“Ninguém deve acreditar que as respostas da Inteligência Artificial vêm de Deus, têm um criador humano. É decisivo conhecê-lo”

A corrida à Inteligência Artificial (IA), que opõe Estados Unidos da América e China enquanto a Europa parece assistir à distância, marca o início de uma nova era e merece uma abordagem original de Bruno Maçães, antigo secretário de Estado para os Assuntos Europeus. O agora consultor sénior da Flint Global, em Londres, onde aconselha empresas em domínios como a geopolítica e a tecnologia, mistura os dois conceitos no seu novo livro sobre os superpoderes que querem controlar o mundo, através de sistemas de IA que, muito em breve, garante, vão ser omnipresentes nas nossas vidas. Nesta entrevista à VISÃO, cruzamos os grandes conflitos da atualidade com o futuro próximo, à luz das ideias desenvolvidas por este doutorado em Ciência Política pela Universidade de Harvard em Construtores de Mundos – A Tecnologia e a Nova Geopolítica (Temas e Debates, 352 págs., €19,90), cujo lançamento em Portugal ocorre nesta quinta-feira, 19, na Feira do Livro de Lisboa.

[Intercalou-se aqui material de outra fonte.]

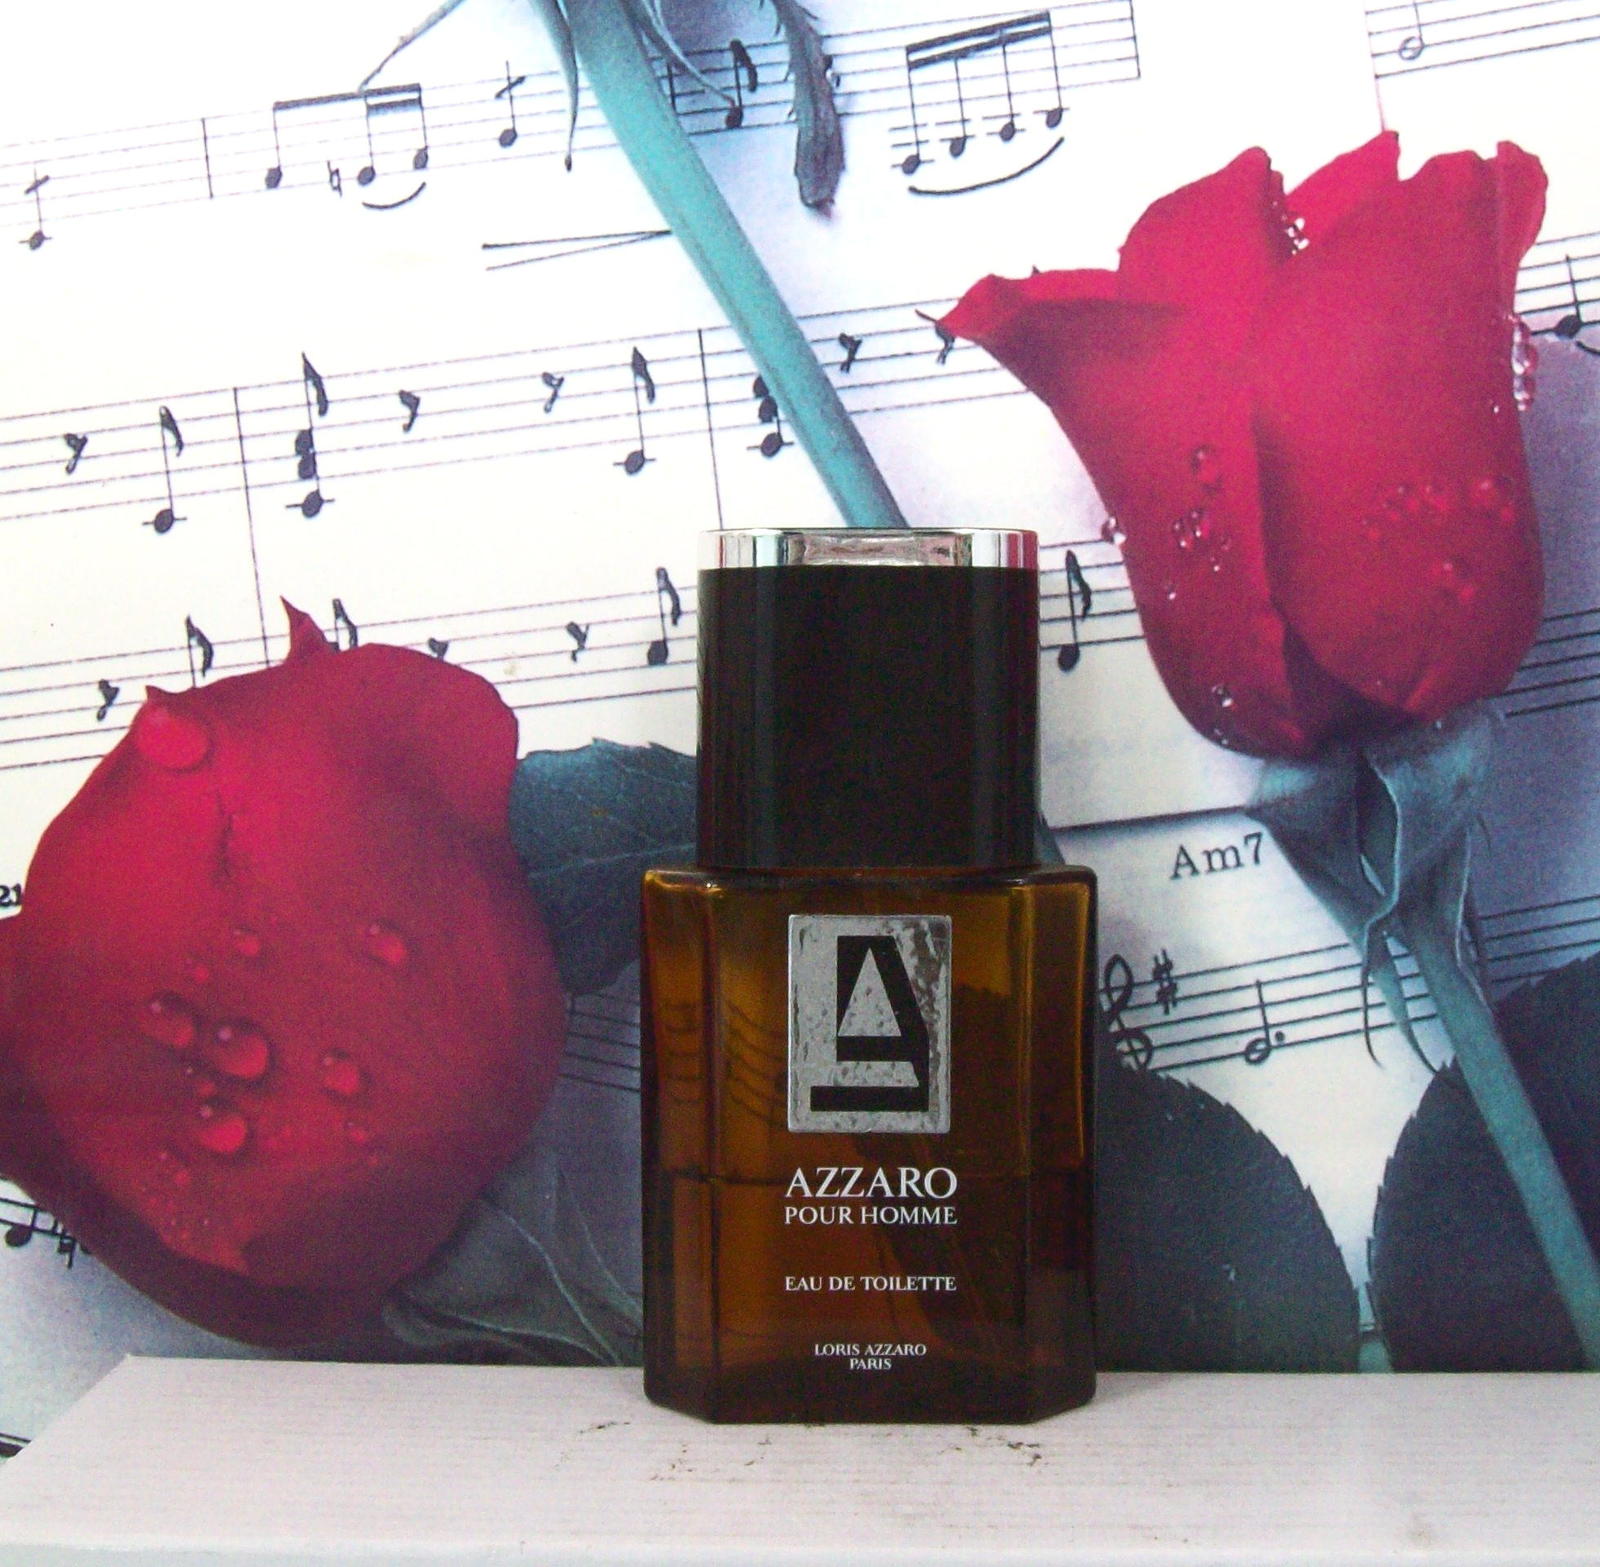 Azzaro Pour Homme 1.7 FL. OZ. EDT Spray 40% Full. Vintage. - $59.99

À boleia dos avanços tecnológicos, para onde nos estão a levar os novos mundos da geopolítica?
Para sítios muito inesperados, muito estranhos e, potencialmente, muito perigosos. O meu livro tem um pouco do filme Matrix por trás, ao abordar a criação de mundos artificiais ou virtuais. A diferença é que é a nossa espécie, e sobretudo os grandes superpoderes, que constroem esses mundos virtuais, porque percebem, cada vez mais, que o verdadeiro poder está em construir um mundo em que os outros são obrigados a viver. O poder é ainda maior se os outros não perceberem bem que esses mundos são artificiais nem que são controlados pelos grandes superpoderes.

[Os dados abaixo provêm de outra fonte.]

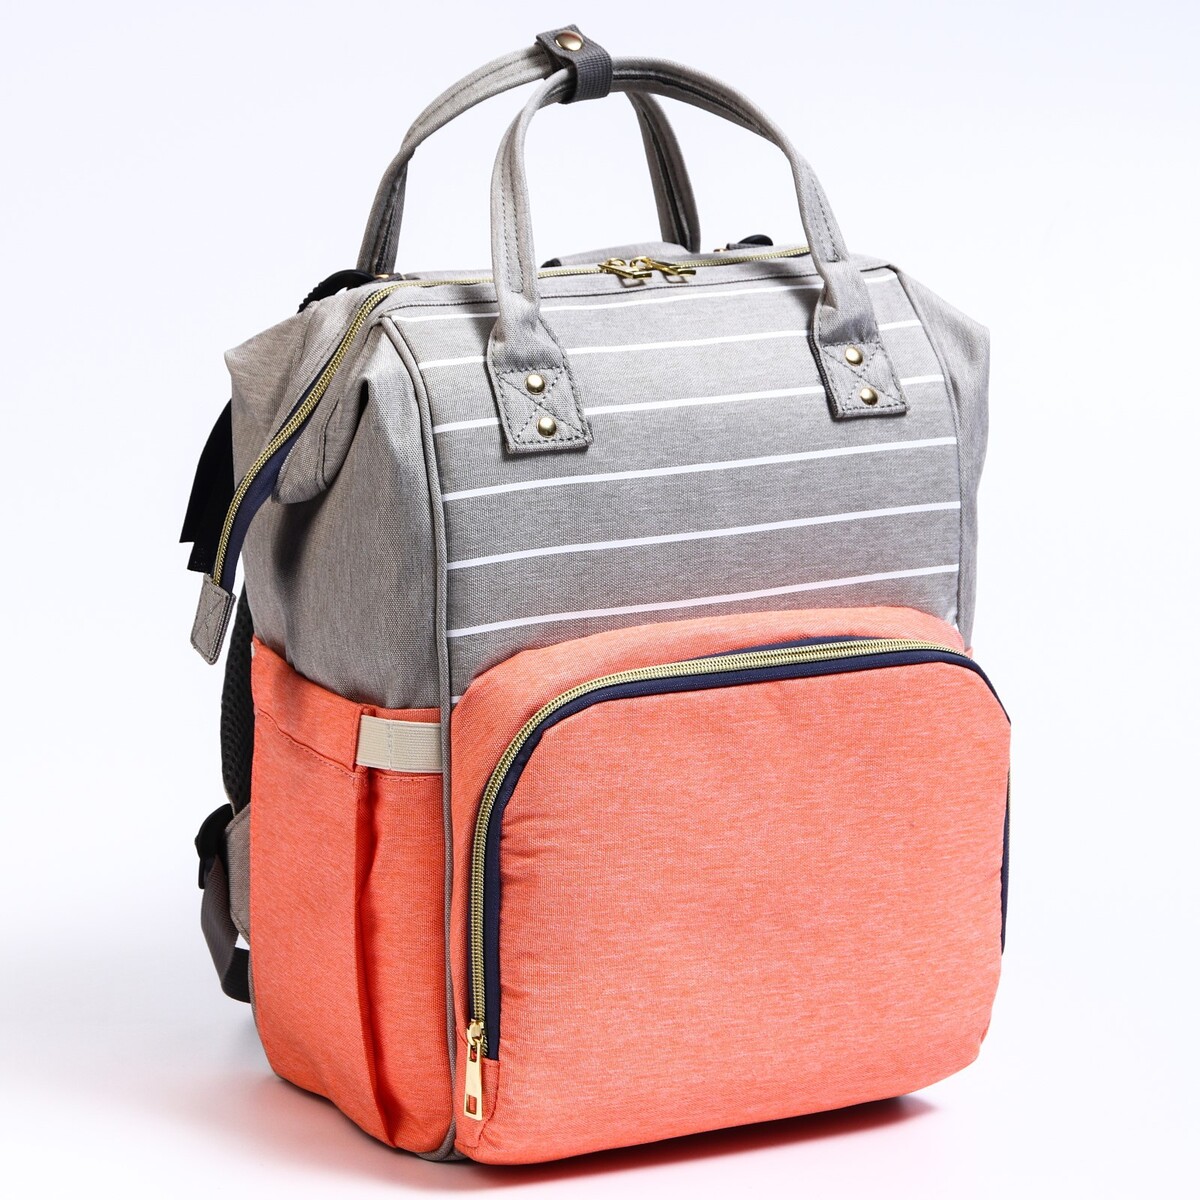 Рюкзак женский с термокарманом, термосумка - портфель, цвет серый/розовый рюкзак женский с термокарманом термосумка портфель синий

Os superpoderes sempre tentaram controlar o mundo, mas as inovações tecnológicas oferecem agora ferramentas mais evoluídas. Vem daí o perigo?
No livro, os conceitos de geopolítica e tecnologia são praticamente sinónimos, no sentido em que a criação de mundos virtuais, proporcionada pela tecnologia, é uma forma radical e profunda de poder geopolítico. Mesmo a tecnologia militar é um mundo virtual, de computadores, de satélites, de comunicações, de Inteligência Artificial, como temos visto quer na Ucrânia quer em Israel. Contrasto a velha geopolítica, ligada ao controlo de território físico, com uma nova geopolítica, que tem que ver com a criação de território virtual.
Quando Donald Trump fala em anexar a Gronelândia e o Canadá, está a cobiçar minerais para o fabrico de microchips, essenciais para ganhar a corrida à IA. É a nova grande arma em disputa por EUA e China?
Essa é uma explicação, sim. Outra é que Donald Trump tem uma espécie de fantasias que quase nunca leva à execução. Os últimos meses reforçam a minha tese de que é na capacidade de invenção que se vai decidir o poder mundial e não tanto na ideia já um pouco antiquada de controlo de determinadas geografias ou materiais. Nem sabemos bem quais virão a ser os materiais mais críticos, porque a inovação avança vertiginosamente. Relevante é, por exemplo, a guerra comercial e tecnológica com a China, nomeadamente o acesso da China a semicondutores americanos e o dos EUA a terras raras chinesas e ao respetivo sistema sofisticado de refinação e de produção.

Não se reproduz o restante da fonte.